Machine Learning -An insight into future
When Google’s AlphaGo crushed hope of millions by convincingly beating Lee Sedol in a Chinese board game GO three month back, suddenly the mankind felt the power of the beast inside the machine created by human beings itself. First time in the history a computer Go program had defeated a world champion leaving the human champion speechless.
So far there has been a great limitation in the traditional computer programming language to teach computers how to perform each task thus limiting the extension of intelligence in solving the more complex tasks. In such a situation Machine Learning comes to rescue.
Machine Learning is a sub-set of artificial intelligence where computer algorithms are used to autonomously learn from data and information. In machine learning computers don't have to be explicitly programmed but can change and improve their algorithms by themselves.
Machine learning systems automatically learn programs from data. Machine learning is used in Web search, spam filters, credit scoring, fraud detection, stock trading, improving health care delivery, driverless cars and many other applications.
If we go back to the history of Machine Learning then we find even in 1950 Alan Turing created a “Turing test” to check if computer has real intelligence. In order to pass the test, a computer must be able to fool a human into believing it also to be human.
In 1957 Frank Rosenblatt designed the first neural network for computers which was called Perceptron having capability of simulating the thought processes of the human brain. During the 90’s machine learning changed its approach from being knowledge driven to data driven. Who can forget the famous win of IBM’s Deep Blue over chess champion Garry Kasparov in 1997 and now a great achievement by Alpha Go in beating another world champion Lee Sedol in 2016.
Drivers of Machine Learning:
Two key things which are driving the machine learning solutions are Raw Data and Data models. Machine learning enables data based decision systems to learn from new data to deliver reliable and consistent outcomes. New technologies viz. Big data and the IOT have given new wings to traditional machine learning practices.
Emerging trends in Machine learning
Soon people across globe will witness a tremendous growth of smart applications and main stream use of Artificial Intelligence. It is bound to proliferate the smartphone market and enter the territories of drones and self-driving cars. More domain specific and machine learning enabled technologies are bound to emerge this year. All the big names in technology viz. Google, Facebook, Microsoft etc. are putting their might behind in this domain to be relevant to emerging business scenarios.

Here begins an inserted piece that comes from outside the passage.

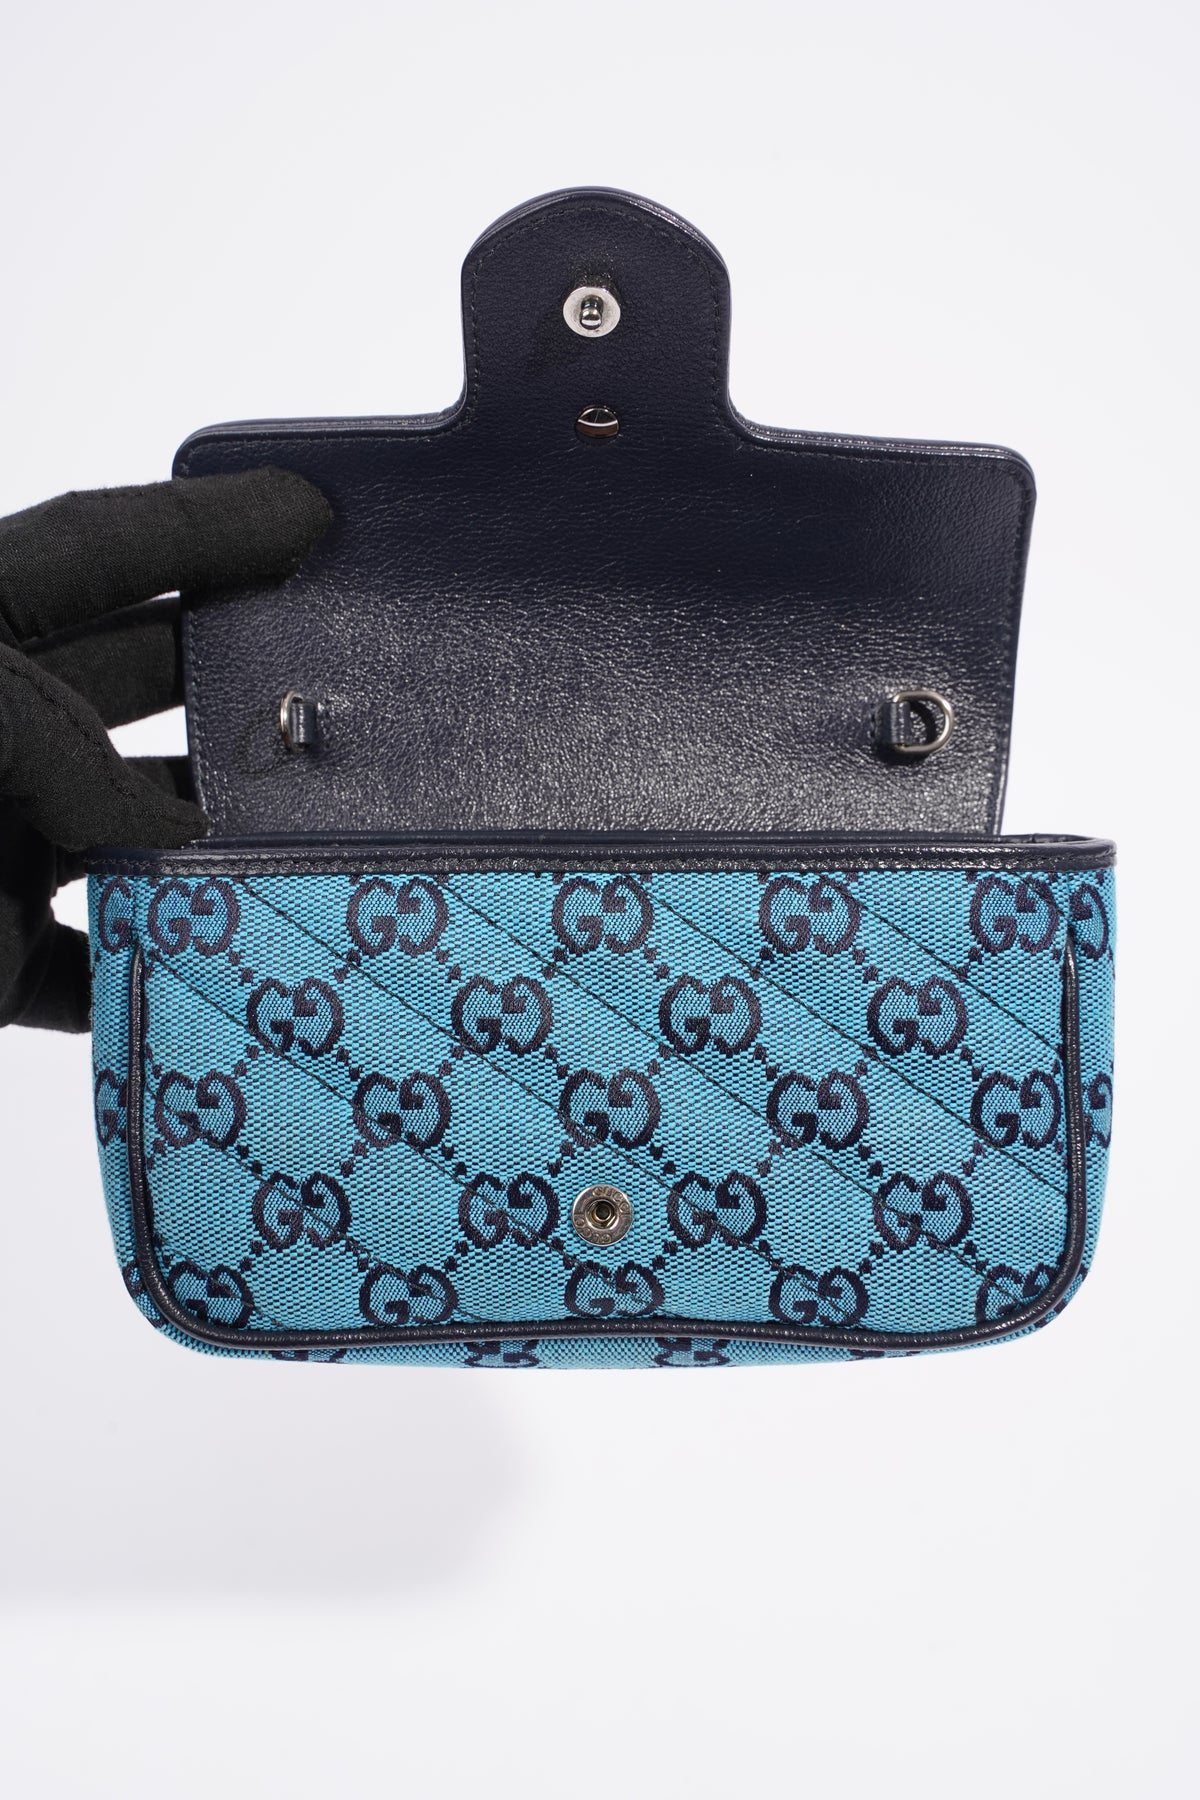 Gucci Blue GG Marmont Multicolour Super Mini Bag For Sale at

Some of the interesting application areas are:
The classrooms of the future will learn about each student, helping them master the critical skills. Teachers will be able to predict strength and challenge areas of each student and suggest them the measures to overcome those challenges.
Buying locally than on online will be in fashion again. Retailers will use the immediacy of the physical store and proximity to customers to create experiences that cannot be replicated by online-only retail. Digital experience will be magnifies by bringing web right to where the shopper can physically touch it.
Computers will help doctors understand how a tumor affects a patient down to their DNA, and present a collective set of medications shown to best attack the cancer, while reducing the time it takes to find the right treatment for a patient from weeks and months to days and minutes.
Smarter cities will become sentient cities, understanding in real time how billions of events occur as computers learn to understand what people need, what they like, what they do, and how they move from place to place. Mobile devices and social engagement will enable citizens to strike up a relationship with their city leaders so their voices will be heard not only on election day, but every day.
The darker side of Machine Learning:
Automated lifestyle emerging because of Machine learning systems will erode the human capabilities to fight odds to overcome obstacles. Too much dependence on Machine can remove the need of human interdependencies which is the core of civilization. Do we really want that? Though visionaries like Bill Gates are excited about the rise of artificial intelligence but also acknowledged the possibilities of unique challenges because of the possible greater–than-human capabilities of future machines.
Within a decade, Robots are expected to takeover tasks like driving and warehouse work as well machines which can outpace humans in certain areas of knowledge. A challenge of keeping the control of these machines with humans is not as easy as it looks. A must read by Martin Ford “The rise of the Robots” paints a realistic picture of the possibilities emerging from this new field of Machine learning.
Conclusion:
Whether we like it or not, advancements in Machine learning will keep on mesmerizing the human race. In the process lot of established norms will be obliterated and new ones will emerge. Lot of employment related issues are bound to haunt us ( As per a recent report a leading manufacturer of technology products Foxconn has replaced 60,000 workers with robots in its factory in Kunshan, China) while possibilities of extending the cutting edge solutions in healthcare even in remotest areas of globe excites us. This is a journey where both humans and machines have to co-exist, hopefully peacefully.